In [76]:
import numpy as np
import pandas as pd
import sqlite3
%matplotlib inline

# Amazon Fine Food Reviews, User Classification
The objective of this project is to identify a user using a text review. This is a supervised classification problem. The goal is to produce a predictive model that when given a reasonable sample of the data is able to make accurate predictions about the author. One of the first issues to consider is that not every reviewer has made multiple reviews. This makes testing and training difficult as the testing set will match perfectly with the training set if all reviews are left in. This was accounted for by only considering users that have made at least a threshold number of reviews. 

## Data Collection
The data was obtained from <a href="https://www.kaggle.com/snap/amazon-fine-food-reviews">kaggle</a>. The data consists of ~500,000 amazon fine food reviews. The dataset came as a csv as well as a sqlite database. For this project I chose to use the sqlite database to query the data. Overall the data was very clean and needed almost no cleaning to create a usable copy. 

In [78]:
db = sqlite3.connect("/data/amazon-fine-foods/amazon-fine-foods/database.sqlite")

In [90]:
toy = pd.read_sql_query("SELECT * from reviews limit 10", db)
toy.head(5)

Unnamed: 0,Id,ProductId,UserId,ProfileName,HelpfulnessNumerator,HelpfulnessDenominator,Score,Time,Summary,Text
0,1,B001E4KFG0,A3SGXH7AUHU8GW,delmartian,1,1,5,1303862400,Good Quality Dog Food,I have bought several of the Vitality canned d...
1,2,B00813GRG4,A1D87F6ZCVE5NK,dll pa,0,0,1,1346976000,Not as Advertised,Product arrived labeled as Jumbo Salted Peanut...
2,3,B000LQOCH0,ABXLMWJIXXAIN,"Natalia Corres ""Natalia Corres""",1,1,4,1219017600,"""Delight"" says it all",This is a confection that has been around a fe...
3,4,B000UA0QIQ,A395BORC6FGVXV,Karl,3,3,2,1307923200,Cough Medicine,If you are looking for the secret ingredient i...
4,5,B006K2ZZ7K,A1UQRSCLF8GW1T,"Michael D. Bigham ""M. Wassir""",0,0,5,1350777600,Great taffy,Great taffy at a great price. There was a wid...


In [80]:
counts = pd.read_sql_query("select UserId, count(UserId) as Count \
                           from Reviews \
                           group by UserId \
                           having Count > 30", db)

In [81]:
counts.head()

Unnamed: 0,UserId,Count
0,A100WO06OQR8BQ,55
1,A106ZCP7RSXMRU,60
2,A1080SE9X3ECK0,72
3,A10AFVU66A79Y1,41
4,A10G136JEISLVR,51


In [82]:
counts.shape

(703, 2)

In [83]:
text = pd.read_sql_query("select UserId, Text \
                           from Reviews", db)

In [84]:
text.head()

Unnamed: 0,UserId,Text
0,A3SGXH7AUHU8GW,I have bought several of the Vitality canned d...
1,A1D87F6ZCVE5NK,Product arrived labeled as Jumbo Salted Peanut...
2,ABXLMWJIXXAIN,This is a confection that has been around a fe...
3,A395BORC6FGVXV,If you are looking for the secret ingredient i...
4,A1UQRSCLF8GW1T,Great taffy at a great price. There was a wid...

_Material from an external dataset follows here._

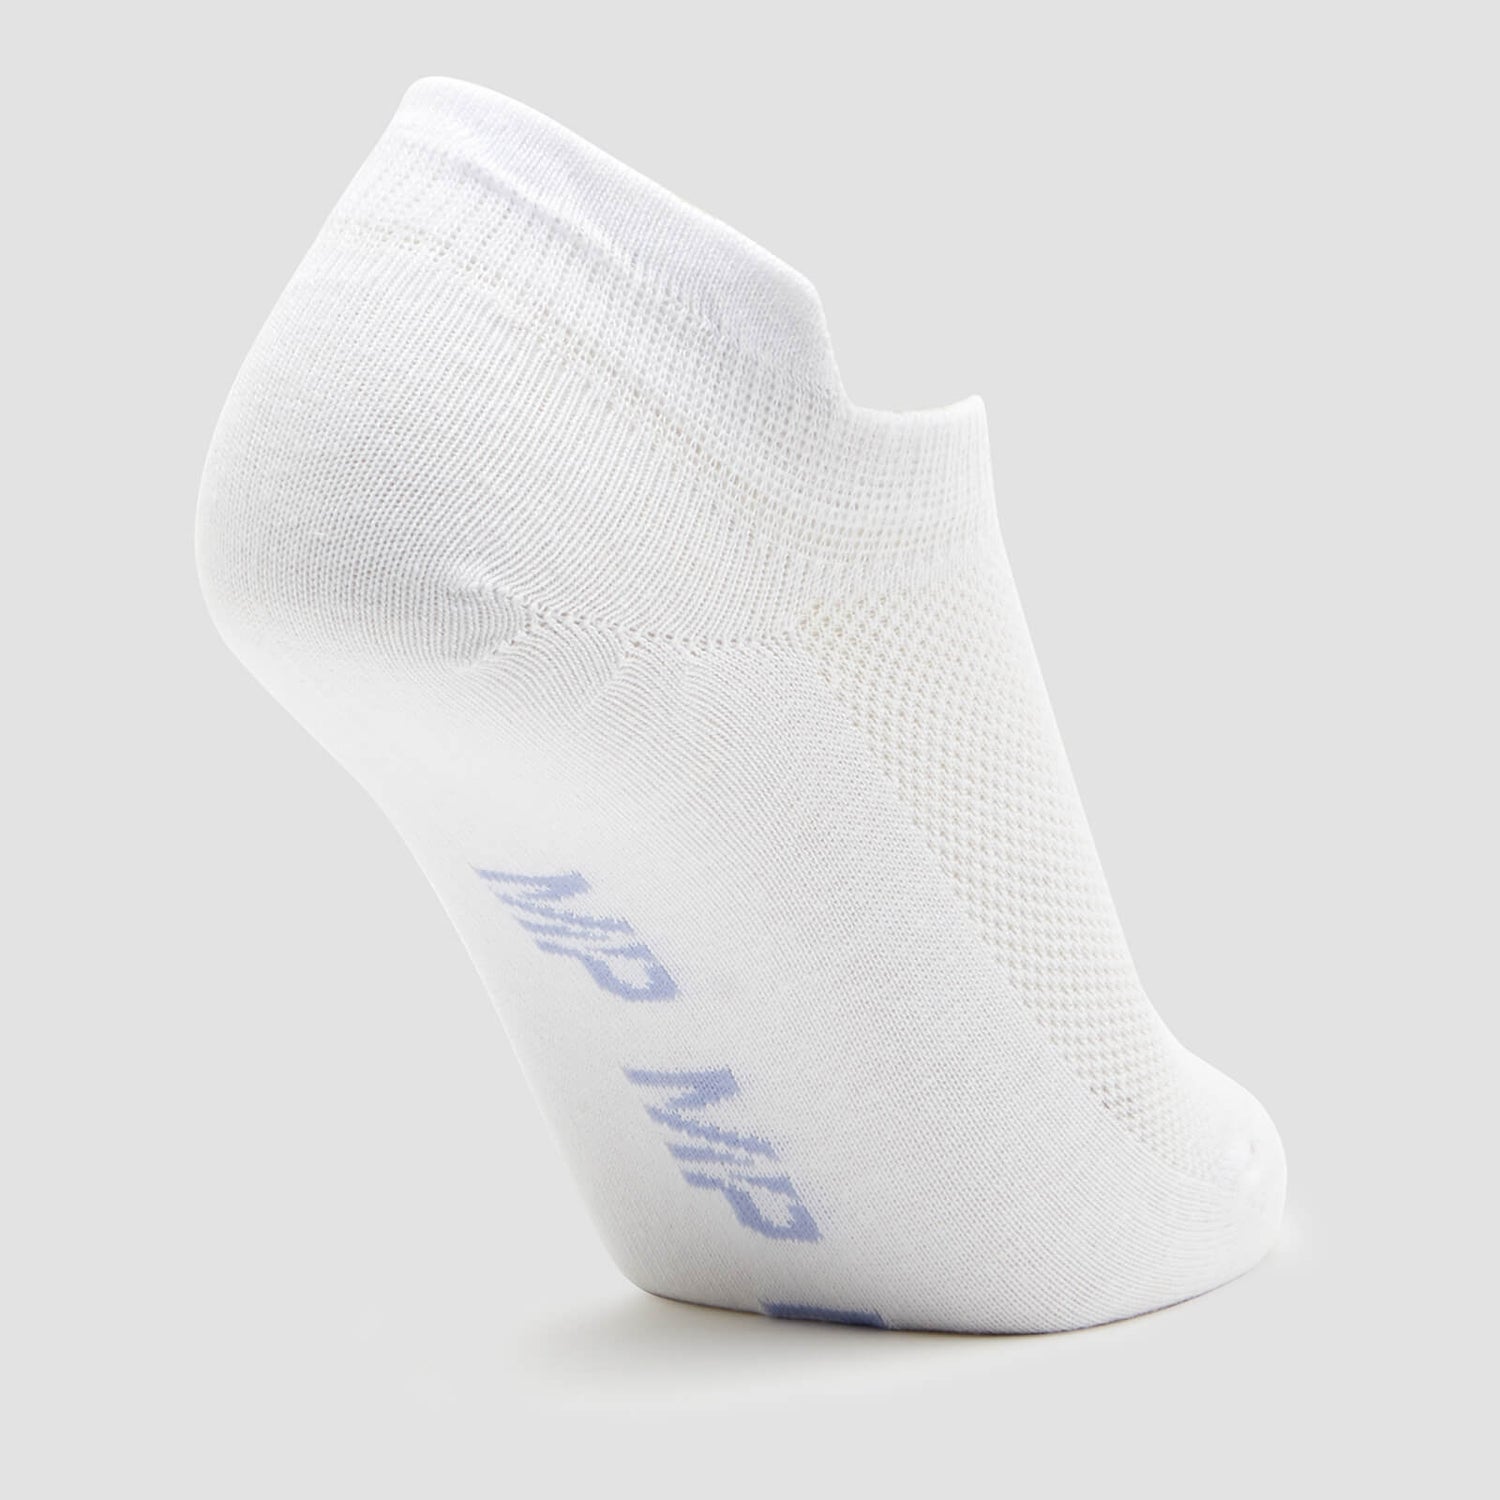 MP Women's Ankle Socks - White/Neon (3 Pack) - UK 3-6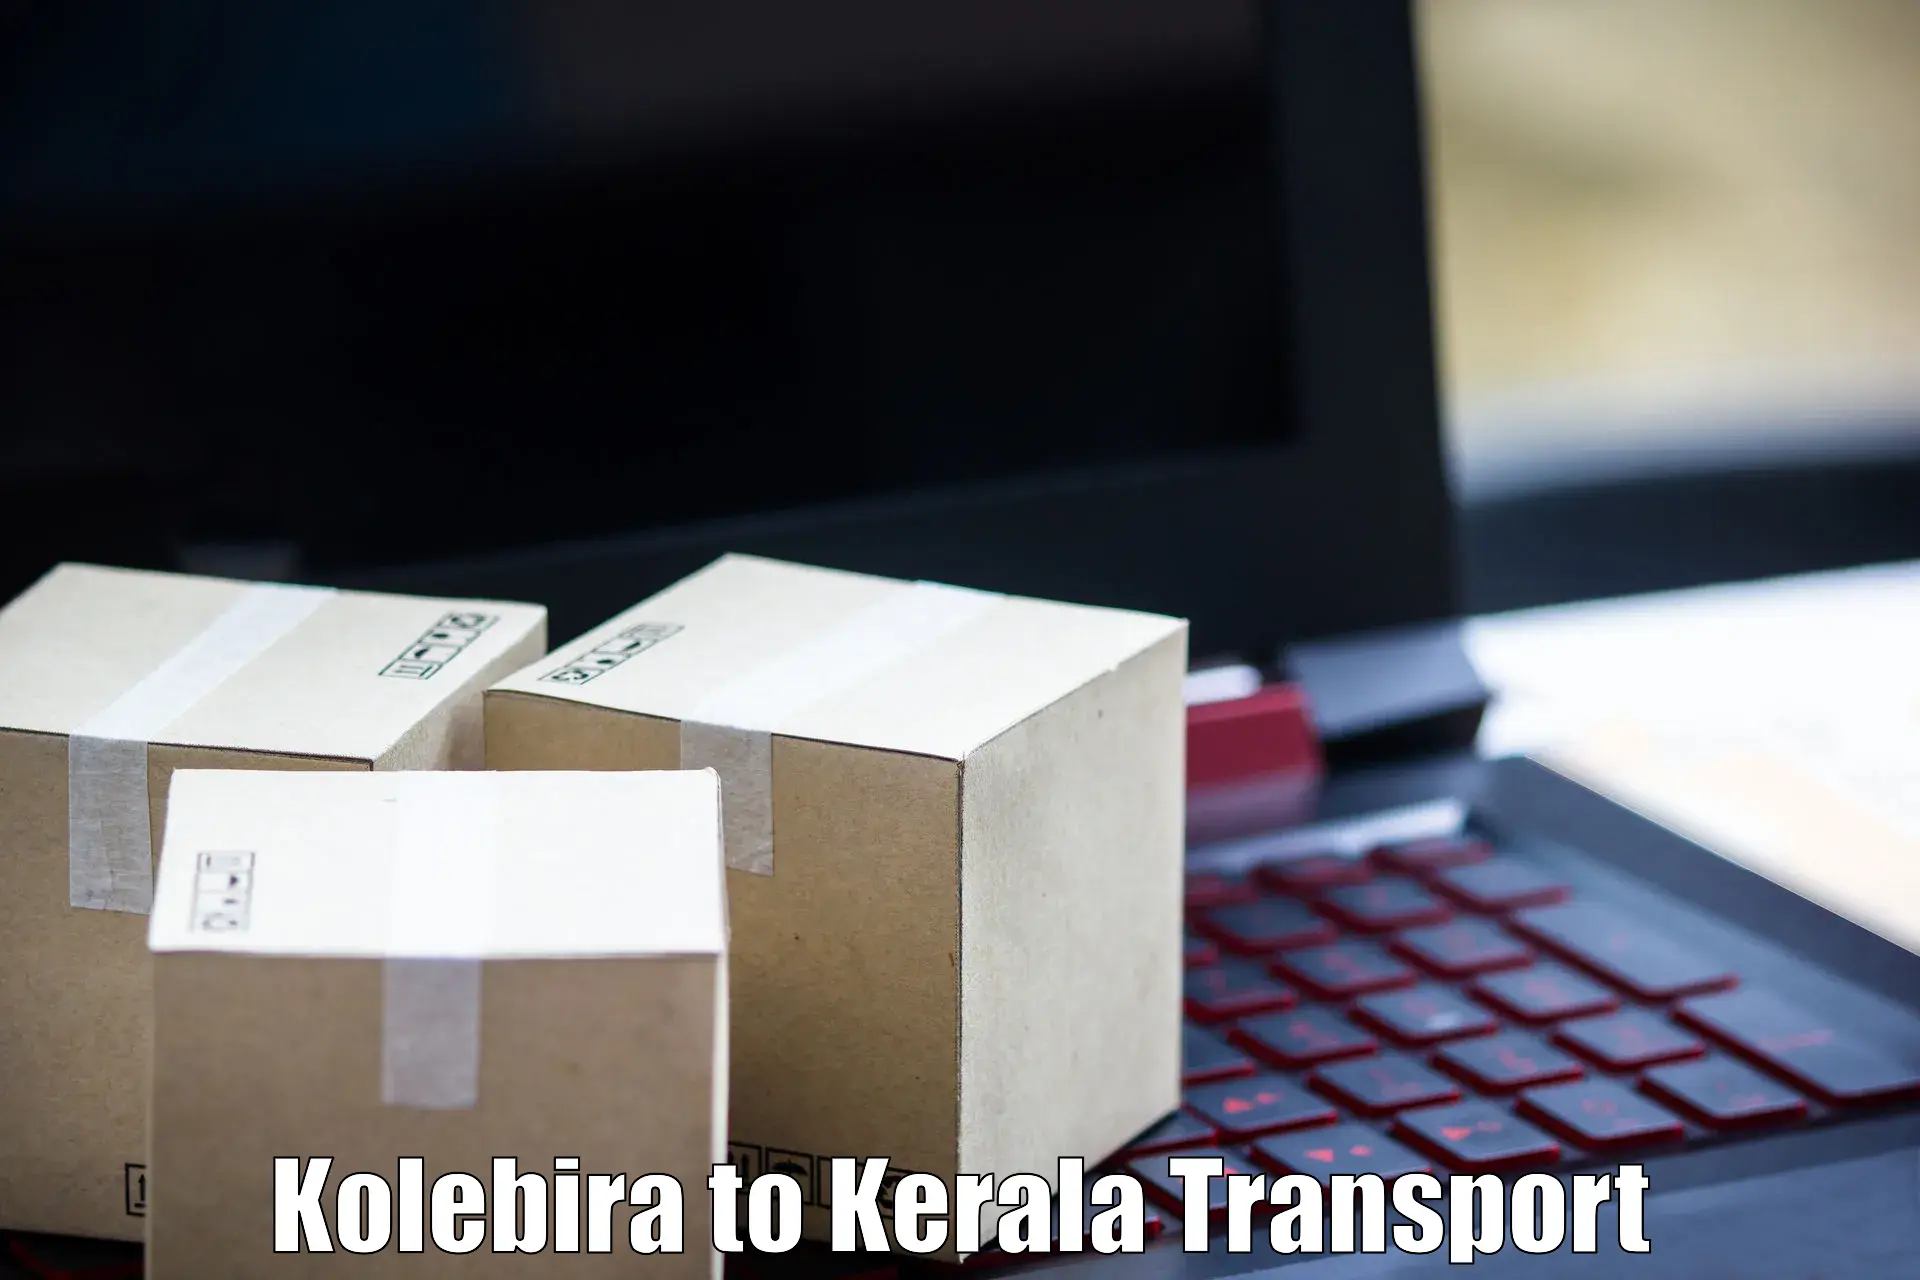 Online transport service Kolebira to Thrissur

Looking at a sample of the textual data. The text should be preprocessed to remove any punctuation.

In [91]:
text["Text"][7]

'This taffy is so good.  It is very soft and chewy.  The flavors are amazing.  I would definitely recommend you buying it.  Very satisfying!!'

In [96]:
assert text["Text"].isnull().any() == False
assert text["UserId"].isnull().any() == False

In [86]:
text.shape

(568454, 2)

Merging the data to only select the data that meets the minimum review count. 

In [89]:
reviews = pd.merge(text, counts, on="UserId", how="inner")

In [88]:
reviews.shape

(39517, 3)

The dataset consists of 39517 reviews from 703 users. This is only considering reviewers that have written at least 30 reviews. With the data in a usable format it is time to gain a better understanding of how the data looks. From this notebook I created the query_data function found in support.py.